> [DATA PROVIDED]:
■ ■ ■ ■ ■

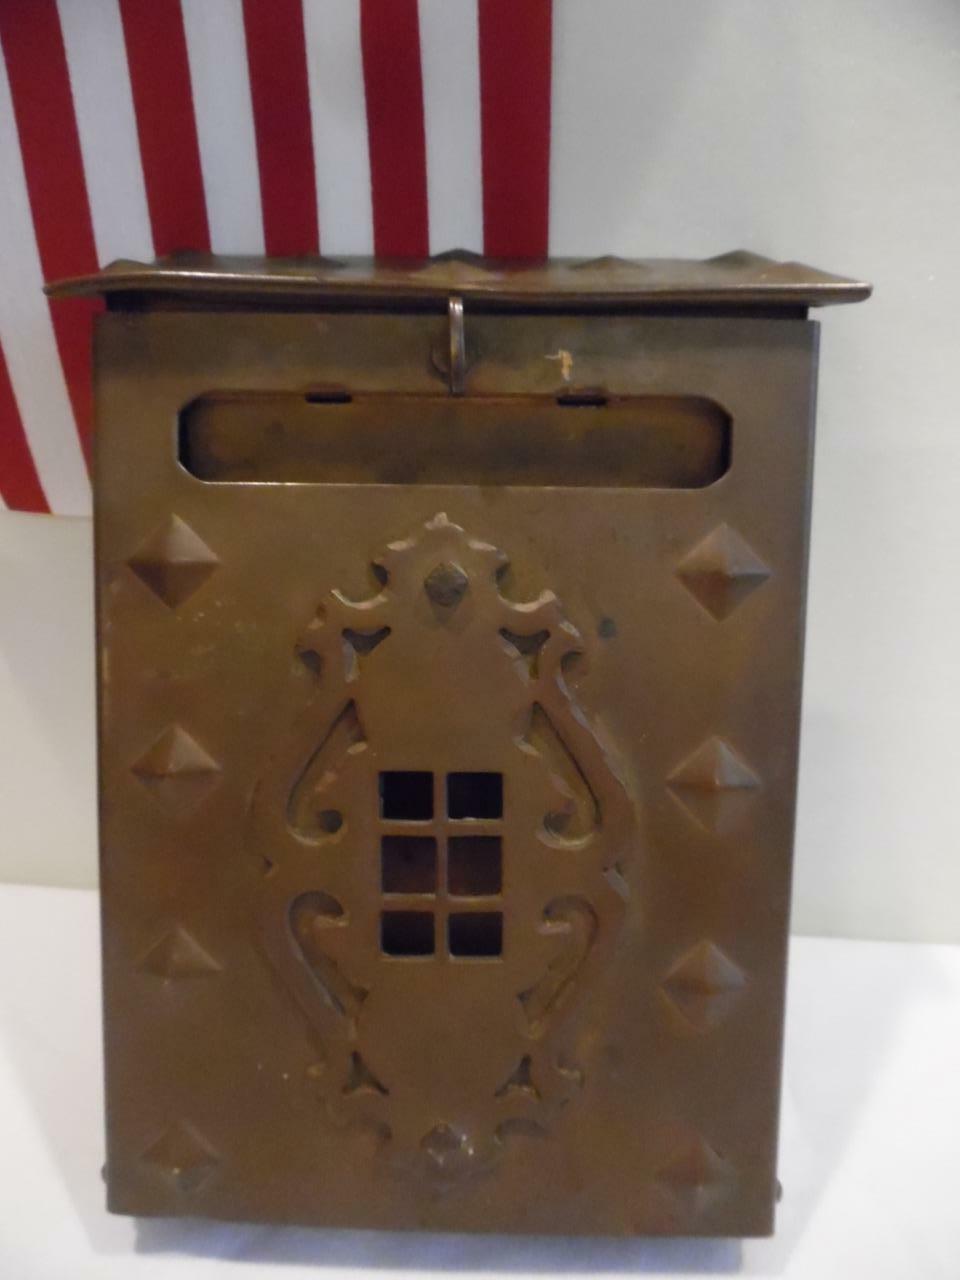 Naiture Brass Locking Wall-Mount Mailbox in Antique Brass Finish
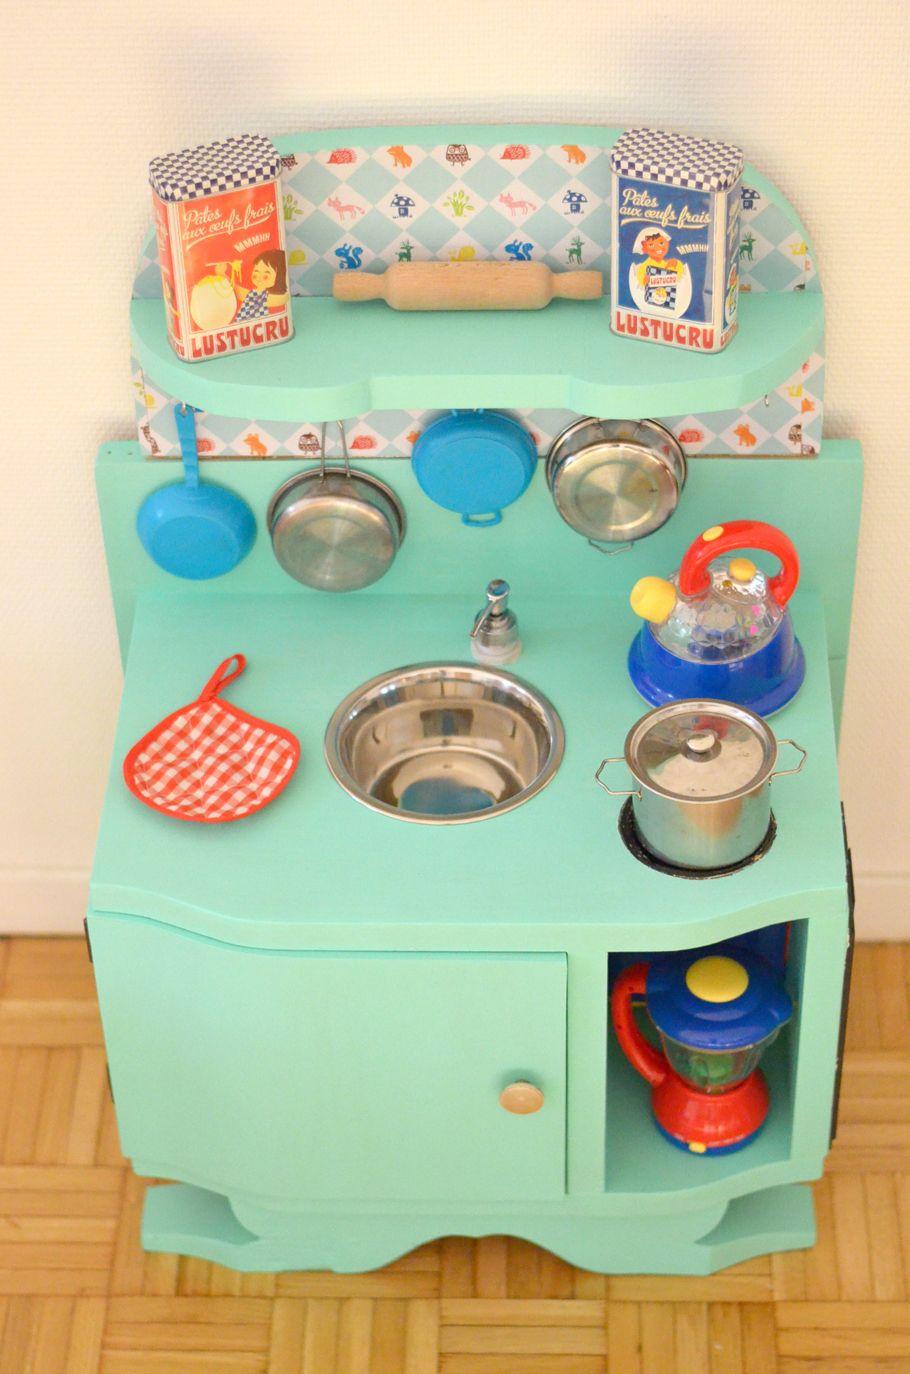 diy r cup 39 upcycling fabriquer une cuisine en bois enfant blog diy pinterest cuisine. Black Bedroom Furniture Sets. Home Design Ideas
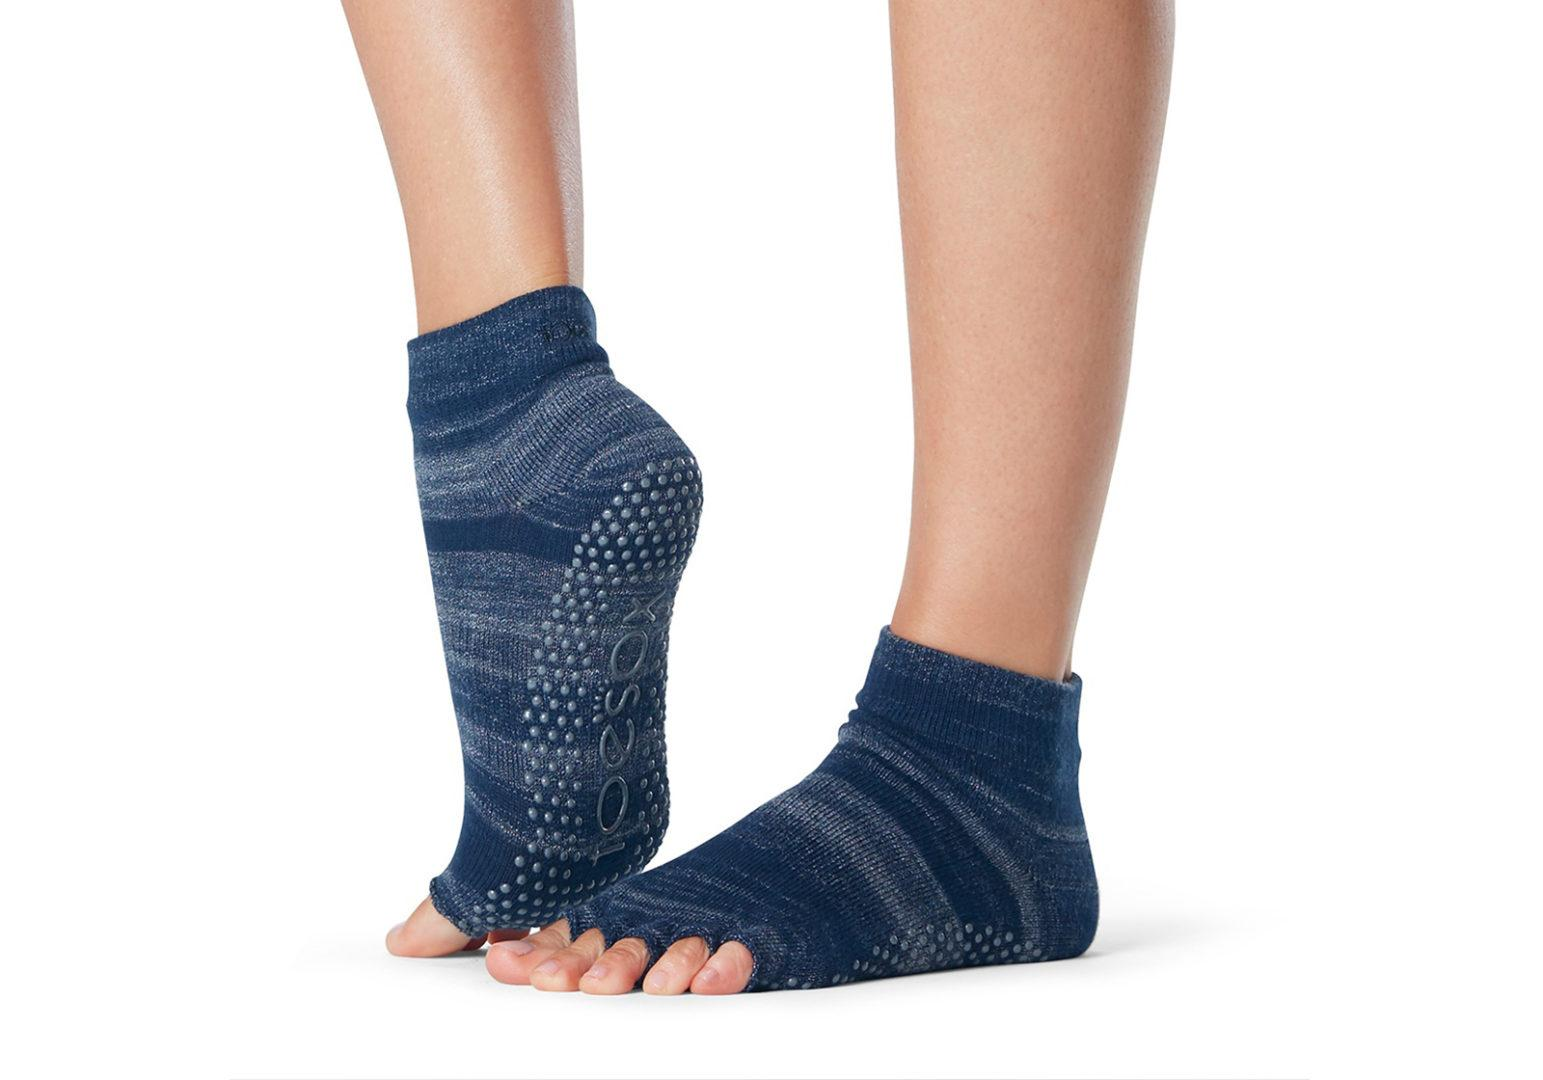 Toe-Sox-Socks_Grip_Ankle_Half_Toe_Nebula.jpg

■ ■ ■ ■ ■

> [TASK]: Repeat all the data as it stands, dropping any images it holds.

> [TASK ANSWER]:
 Naiture Brass Locking Wall-Mount Mailbox in Antique Brass Finish
 diy r cup 39 upcycling fabriquer une cuisine en bois enfant blog diy pinterest cuisine. Black Bedroom Furniture Sets. Home Design Ideas
 Toe-Sox-Socks_Grip_Ankle_Half_Toe_Nebula.jpg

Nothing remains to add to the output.